Nicht eine Einstellung ist bisher in diesem Jahr erfolgt. Nicht einmal die 80 Einstellungen, die wir geplant haben, werden Sie, meine Damen und Herren von der CDU und der FDP, erreichen.
Viertens. Unter der alten Landesregierung wurde, auch um mit gutem Beispiel voranzugehen, jedes Jahr über den Bedarf ausgebildet. Das Ziel war es, junge Leute im
In diesem Jahr werden vom Land nur etwa halb so viel Plätze angeboten, wie zu Zeiten der SPD-Regierung. Auch hiermit schadet man dem Land. Denn wer geht, wenn Ausbildungsplätze knapp sind? - Natürlich die flexibleren. Dieser Trend ist äußerst gefährlich; denn leider werden die wenigsten von ihnen zurückkommen.
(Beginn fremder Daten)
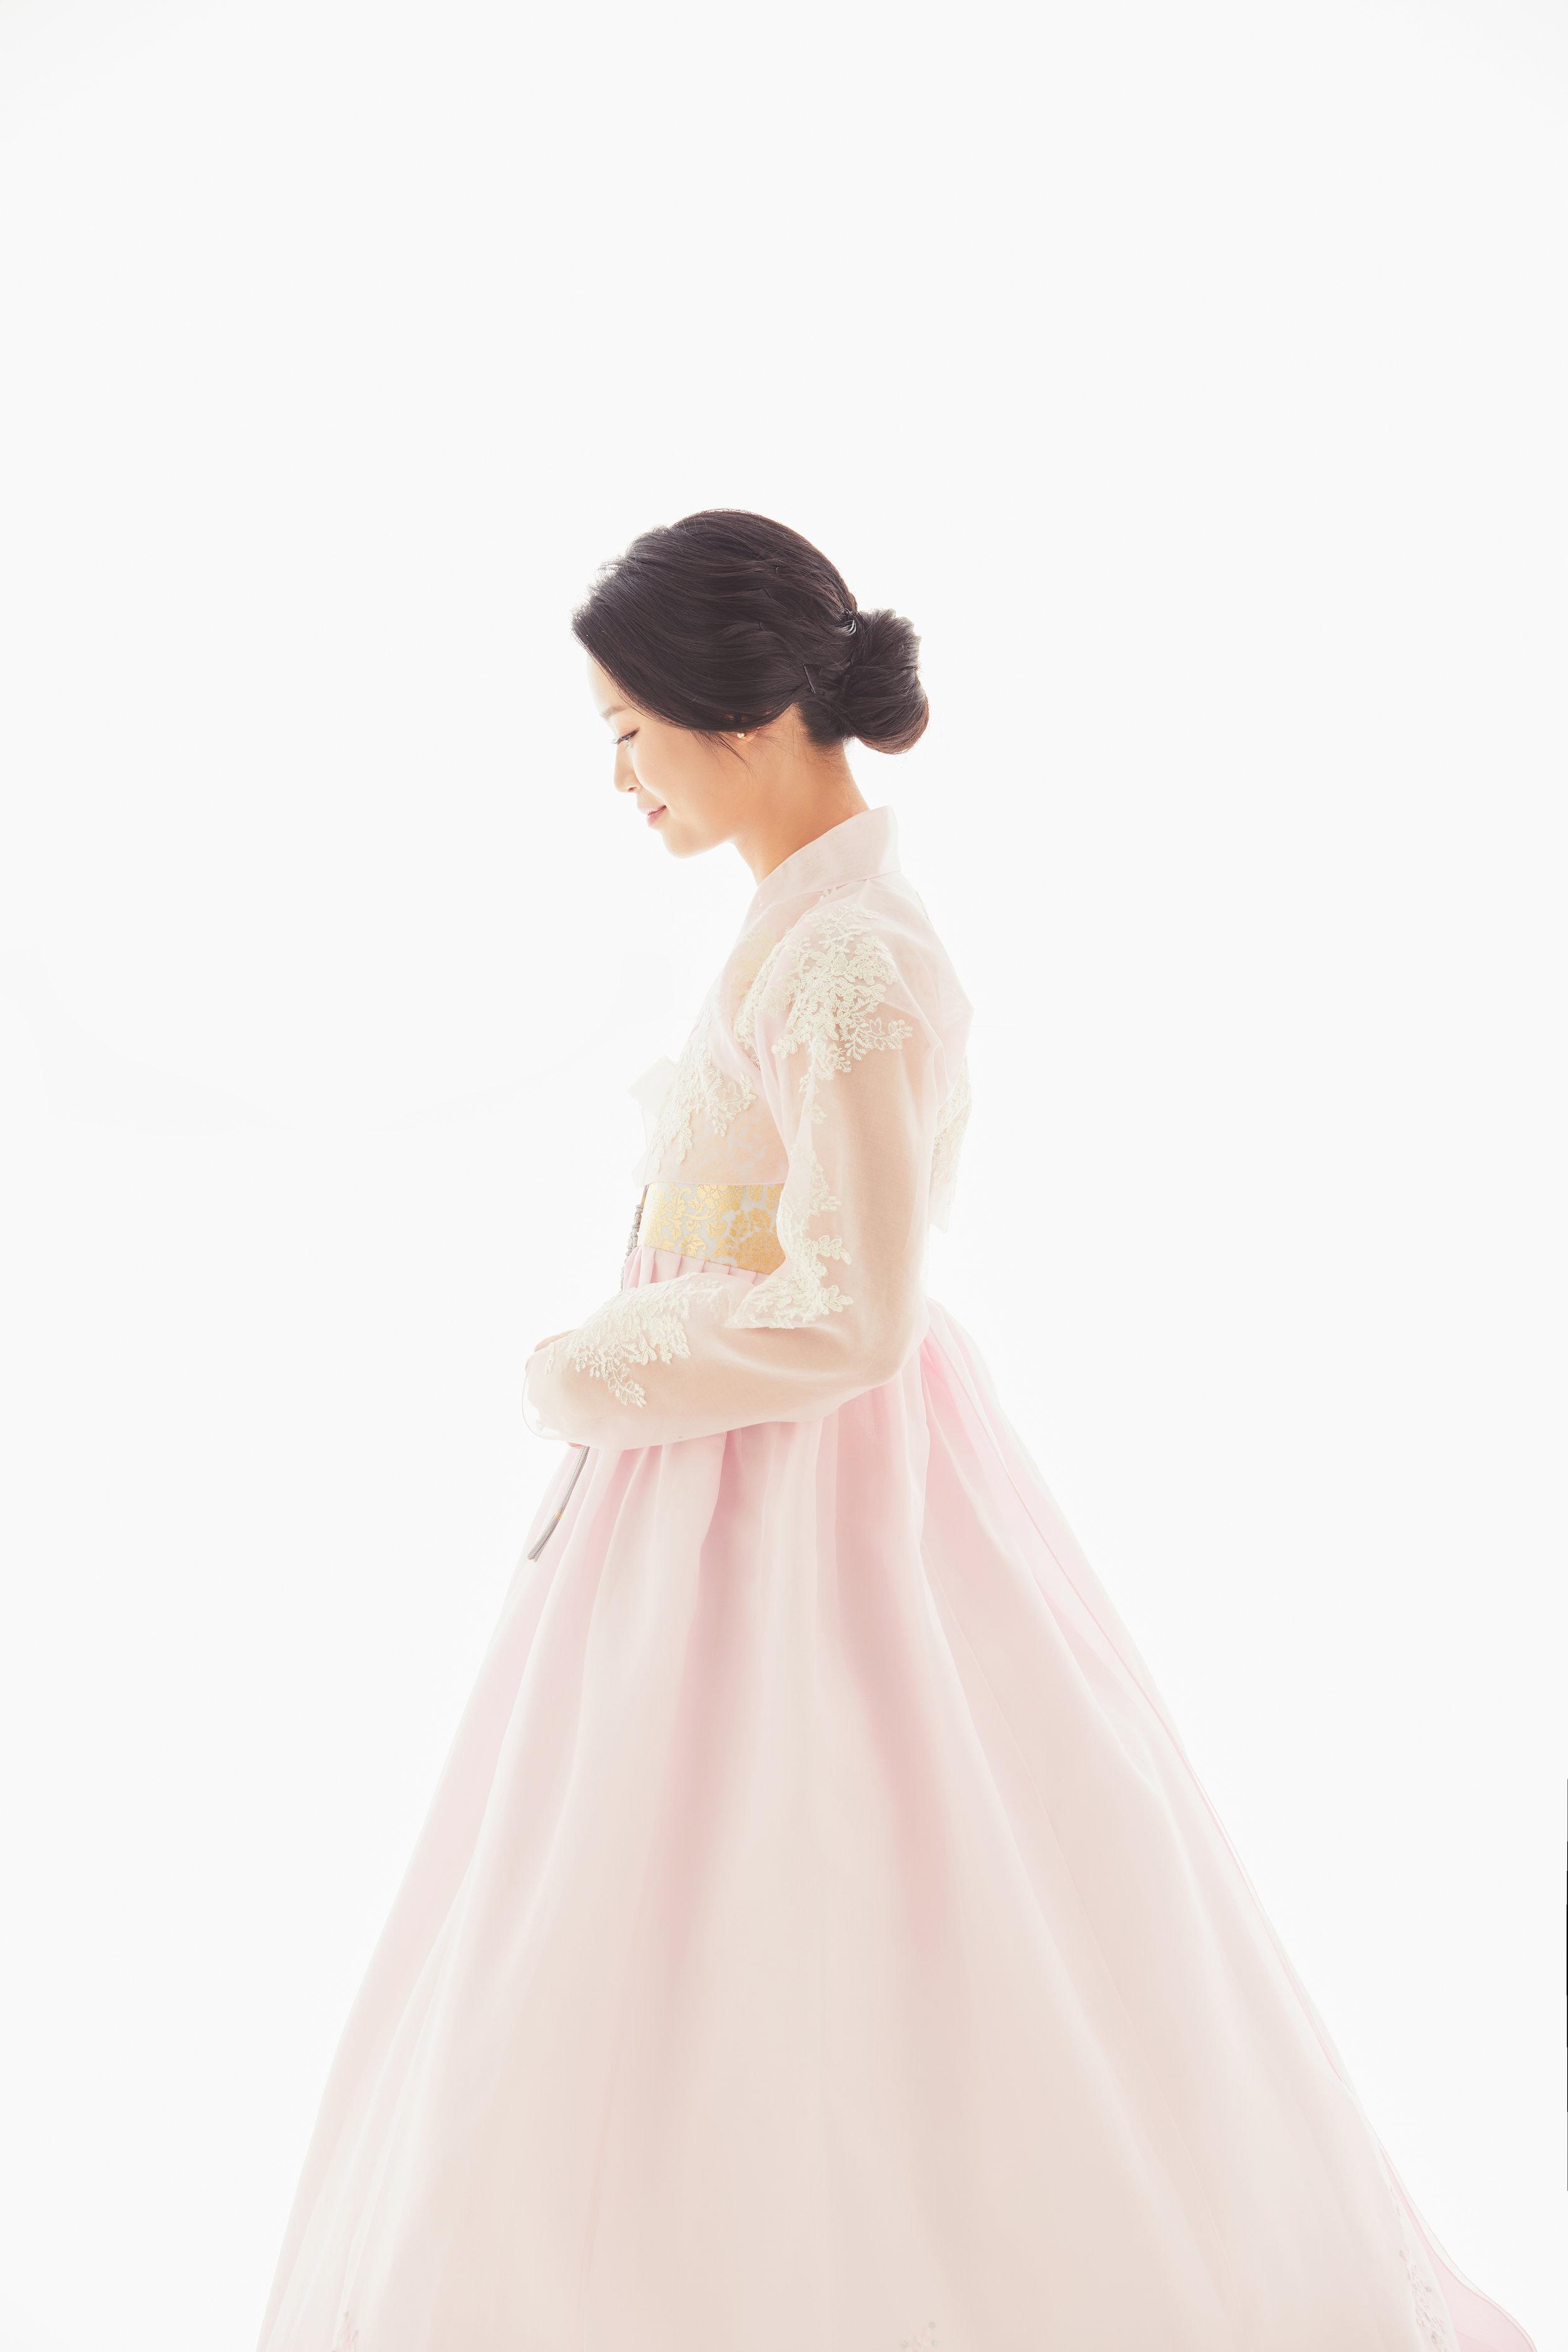 1122_wedding_Irene_0549.jpg

Fünftens. Ähnlich problematisch sieht es mit der Übernahme derjenigen aus, die ihre Ausbildung beim Land abgeschlossen haben. Bisher wurden alle zunächst für ein Jahr bei einer Arbeitszeit von 75 % übernommen, um ihnen den Einstieg in den Arbeitsmarkt zu erleichtern. Auch dies ist in diesem Jahr noch völlig offen. Uns ist bisher nicht bekannt, ob überhaupt jemand befristet eingestellt wird. Sie können uns im Interesse der jungen Leute vielleicht heute etwas dazu mitteilen, Herr Ministerpräsident.
Meine Damen und Herren! Die Landesregierung betreibt diese Politik vor dem Hintergrund bedrückender Zahlen. Die Jugendarbeitslosigkeit ist so hoch wie seit 1992 nicht mehr.
- An der Verschuldung waren Sie genauso beteiligt. Wir wollen die alten Zahlen nicht aufrühren. Hinzu kommt noch das, was Sie jetzt wieder mit Ihrem Haushalt getan haben.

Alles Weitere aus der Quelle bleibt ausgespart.